In the face of local and state opposition, she led her tribe in the establishment of the Chinook Winds Casino and Convention Center in the mid-1990s. Today, the casino not only provides tribal and local community members with jobs, but revenue from the casino provides funds for governmental programs, as well as for contributions to nonprofit organizations statewide.


Honorary Doctor of Public Service

Gerry Frank

Gerry Frank

Gerry Frank is a fourth-generation Oregonian with deep roots in Oregon’s civic, political and mercantile history. He was educated in Portland public schools, Stanford University, and has a B.A. and M.A. with honors from Cambridge University in England.

As Chief of Staff to former US Senator Mark O. Hatfield for 20 years and as a board member and trustee to dozens of Oregon community institutions, Gerry has lived global politics firsthand and contributed his energy and expertise to Oregon’s progress and evolution. He has often been referred to as “Oregon’s third Senator.”

Gerry is a life-member of the Willamette University Board of Trustees and has served on a number of other boards as well, including the American Automobile Association (AAA) of Oregon and Idaho; St. Vincent Medical Foundation; Portland Rose Festival Association; past chair of the Oregon Independent Colleges Foundation; and served as chair of the Oregon Tourism Commission.
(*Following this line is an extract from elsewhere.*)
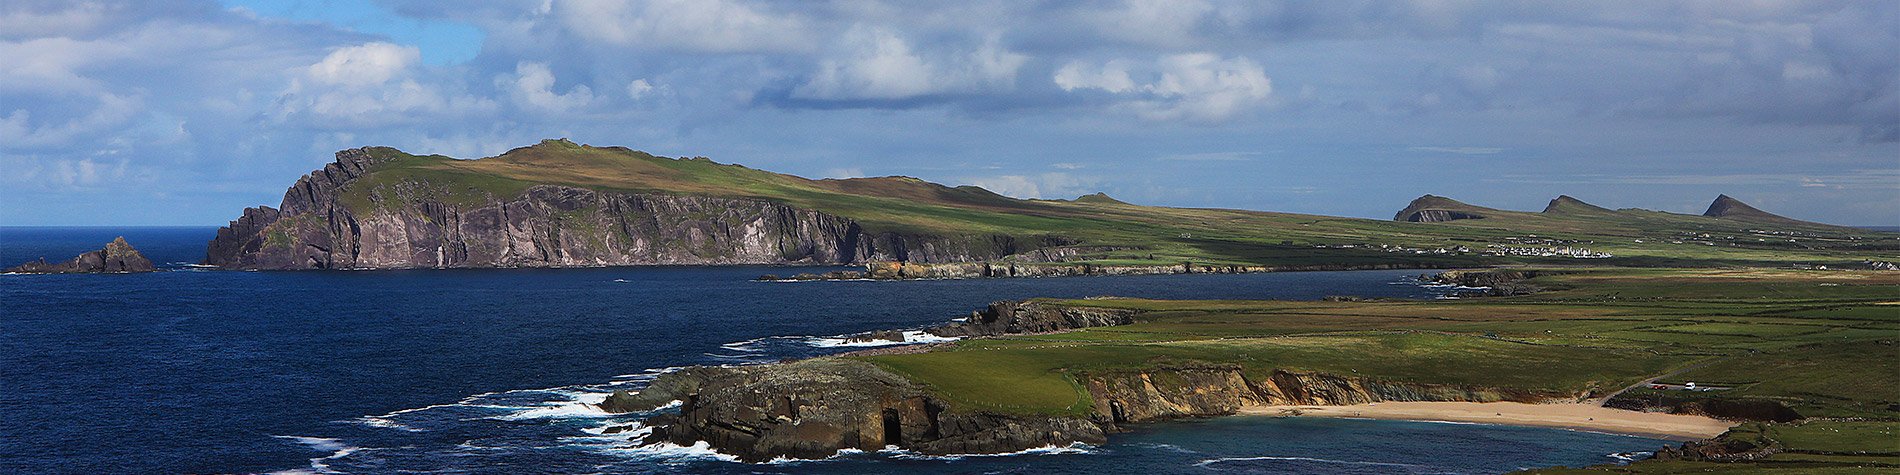 Activities and Tours along the Wild Atlantic Way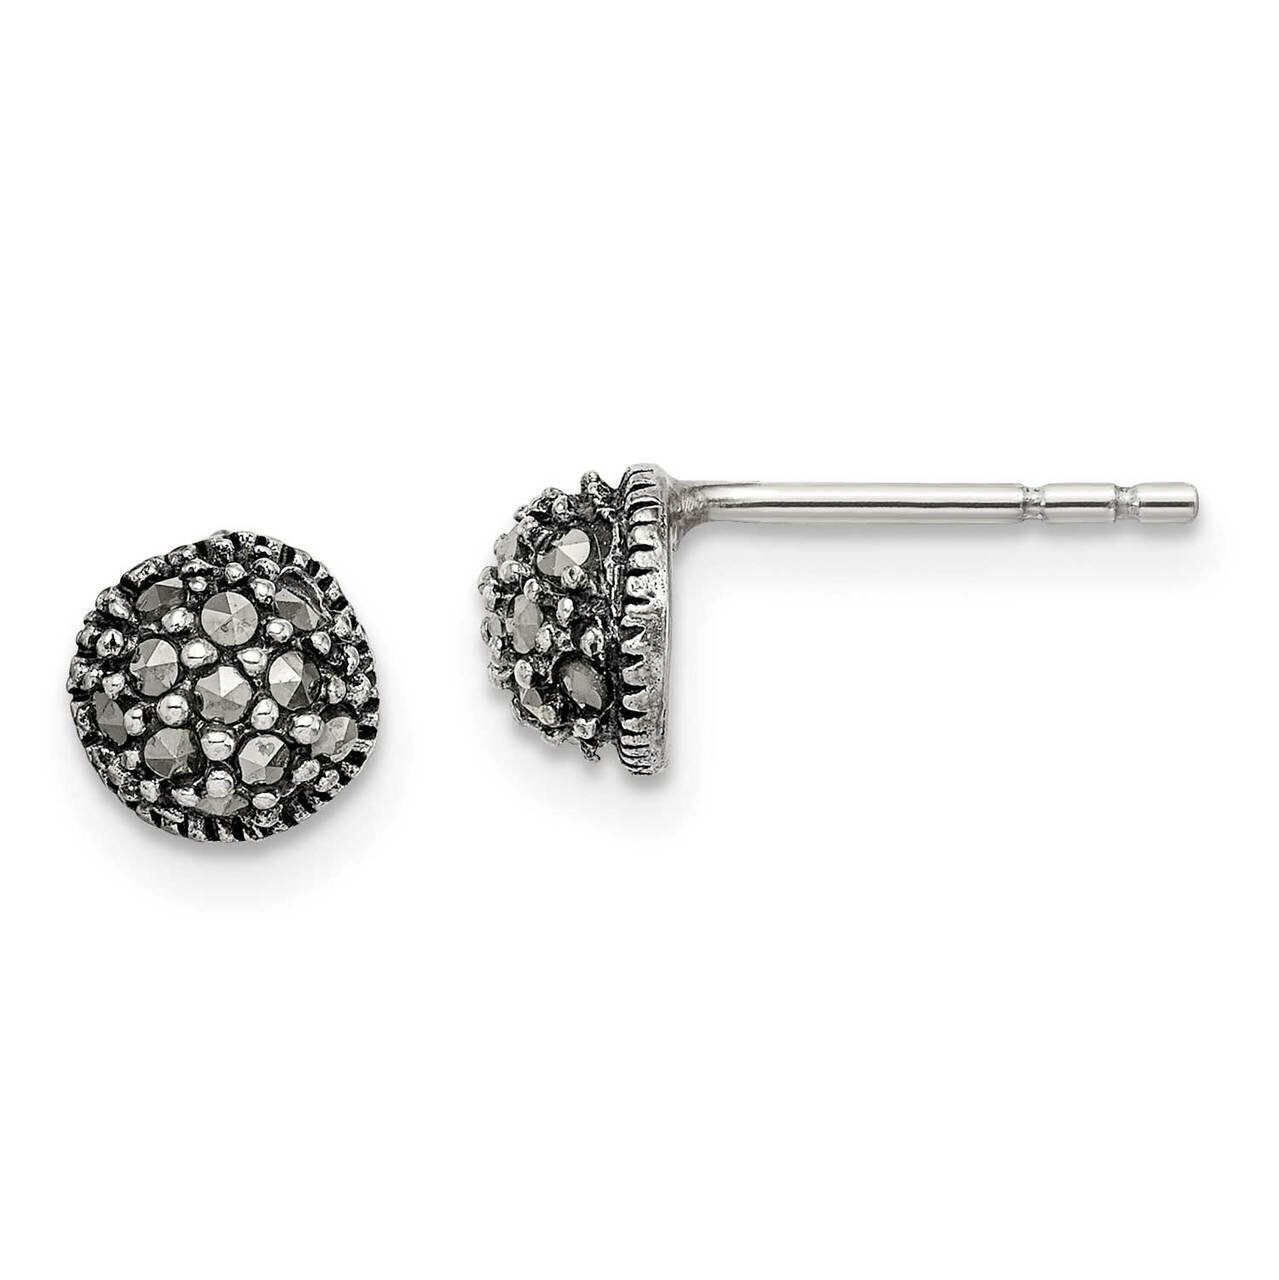 Marcasite 6mm Button Post Earrings Sterling Silver Antiqued QE15053

He is a former board member of US Bancorp and Standard Insurance Company, as well as the executive committee of the US Committee for UNICEF. The list of his community involvements and recognitions is lengthy, including chairing the Kroc Center task force for the Salem area.

Frank is well known for his Friday Surprise/Frankly Speaking column in The Oregonian and as a former commentator for KPTV-12’s Good Day, Oregon, Northwest Reports and AM Northwest for KATU. His best-selling guidebook to New York City, Where to Find It, Buy It, Eat It in New York, is now in its 20th edition.

Gerry has remained active in the business and civic community since moving to Salem in 1955. He was named Salem’s Jr. First Citizen in 1957 and its First Citizen in 1964. He has received numerous awards, including the Glenn L. Jackson Leadership Award from Willamette University in 1984, the Aubrey Watzek Award in 1986, the Gold Medallion Award for 50 years of Individual Community Service in 1999, and in 2000 he was named the first-ever ‘Oregon Premier Citizen’ by gubernatorial proclamation.

He continues to travel and discover new Oregon gems. His adventures and opportunities can be found in his popular guidebook, Gerry Frank’s Oregon.